The link to the ‘Support Vector Machines’ post seems to be broken in some places.
It should be “https://shapeofdata.wordpress.com/2013/05/14/linear-separation-and-support-vector-machines/” but appears as “https://shapeofdata.wordpress.com/2013/03/24/linear-separation-and-support-vector-machines/”
Like the content by the way!
Thanks! I’m not sure how that happened, but I think I’ve now fixed them all.
Hello Jesse, Thanks for this interesting blog! Is there a way we can follow your activities or subscribe to the activity on this blog? (i.e. do you have a twitter account or some other news feed)
If you use RSS, you can subscribe by clicking on the “Entries RSS” link under “Meta” in the right hand column. (Though it seems RSS is old fashioned these days.) Alternatively, WordPress will send you update e-mails if you create an account and click the “Follow” button, though I can understand if you don’t want to sign up for yet another account.
I also put announcements of new posts on google+ (https://plus.google.com/100068343619301713304/posts) and will start putting them on twitter too (https://twitter.com/jejomath).
Thanks, Jesse ! I subscribed to your Twitter 😉
Great articles, gives a very good geometric insight of the concepts. Two questions..do you have any plans of making this into a book, that will surely help
Can you post some reference for each blog where we can follow up with the more mathematical exposition if we like to.
Good question. I have been thinking about writing a book that follows the rough outline of the blog, with changes based on what I’ve learned while writing it. Part of the reason I started writing this blog was to gauge how much interest there would be in this approach to data analysis.Based on the statistics that wordpress reports, there seems to be enough to justify writing a book.
That’s also a good suggestion about including references at the end of posts. I will try to go back through and add references where I can find good ones. Thanks for the comments!
Excellent articles. Very clear concise and intuitive explanations. Thank you very much for your effort it is very enlightening!
This should be expanded into a book
Thanks! I’m hoping to turn it into a book at some point, though I’m not sure exactly when. As I write more posts, my idea of what the book should cover and how to organize it keeps changing.
Hey I was wondering if you plan to write about topological data analysis / computational topology? It seems like quite a natural topic for your blog. I have been investigating this myself, but it would be great to see your thoughts on how these tools could be put to good use.
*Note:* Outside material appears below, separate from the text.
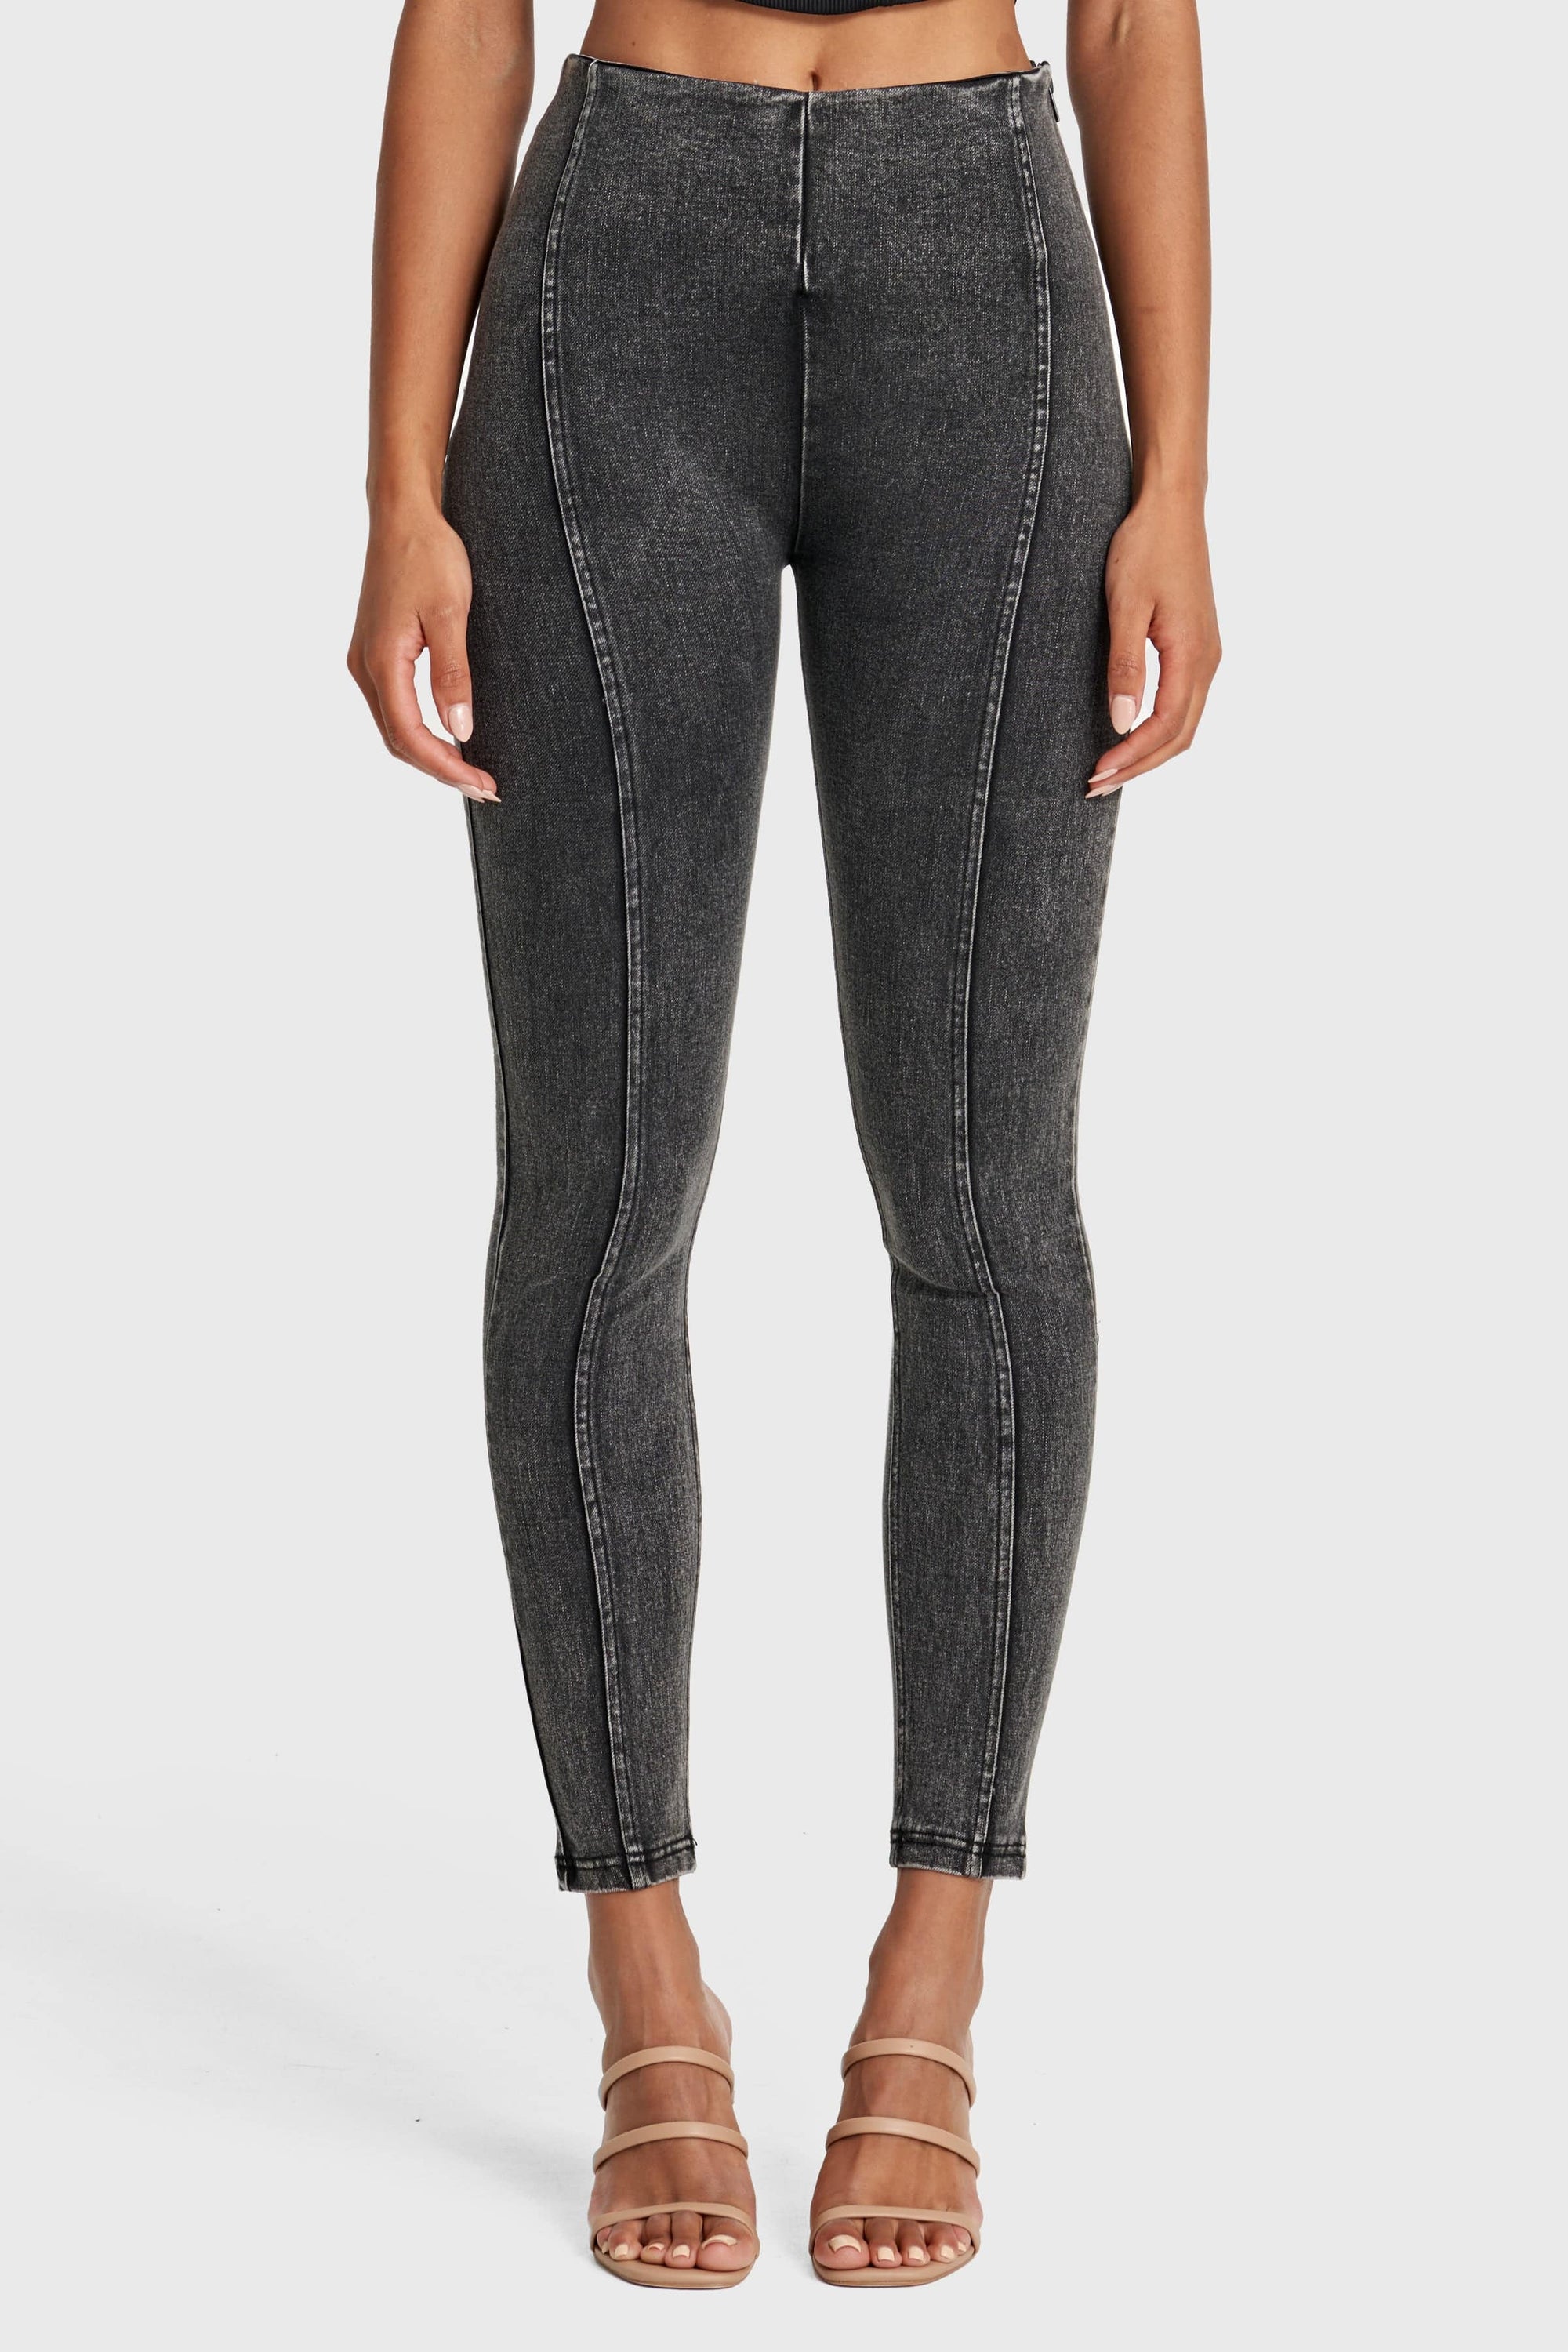 WR.UP® Snug Jeans - High Waisted - Full Length - Washed Black + Black Stitching 6

That’s a good question and one that I’ve been thinking about for a while. So far on this blog, I’ve been trying to focus on topics that are relatively simple and widely used. Persistence homology (which is what most people seem to mean by topological data analysis) hasn’t yet filtered out of the academic realm, and relies on fairly abstract concepts (like manifolds and homology.) Still, I’m tempted to use it as an excuse to introduce readers to these advanced ideas, and it would tie in well with other directions like manifold learning, so I will probably get to it eventually.
By the way, I have written about the mapper/Iris clustering algorithm, which is closely related to persistence homology. I also wrote a post about presistence homology a while back on my topology blog (http://ldtopology.wordpress.com/2012/06/12/topological-exploration-of-data-sets-persistent-homology/).
Thanks for the link, I hadn’t seen your other blog.
I look forward to any other posts you make on the topic.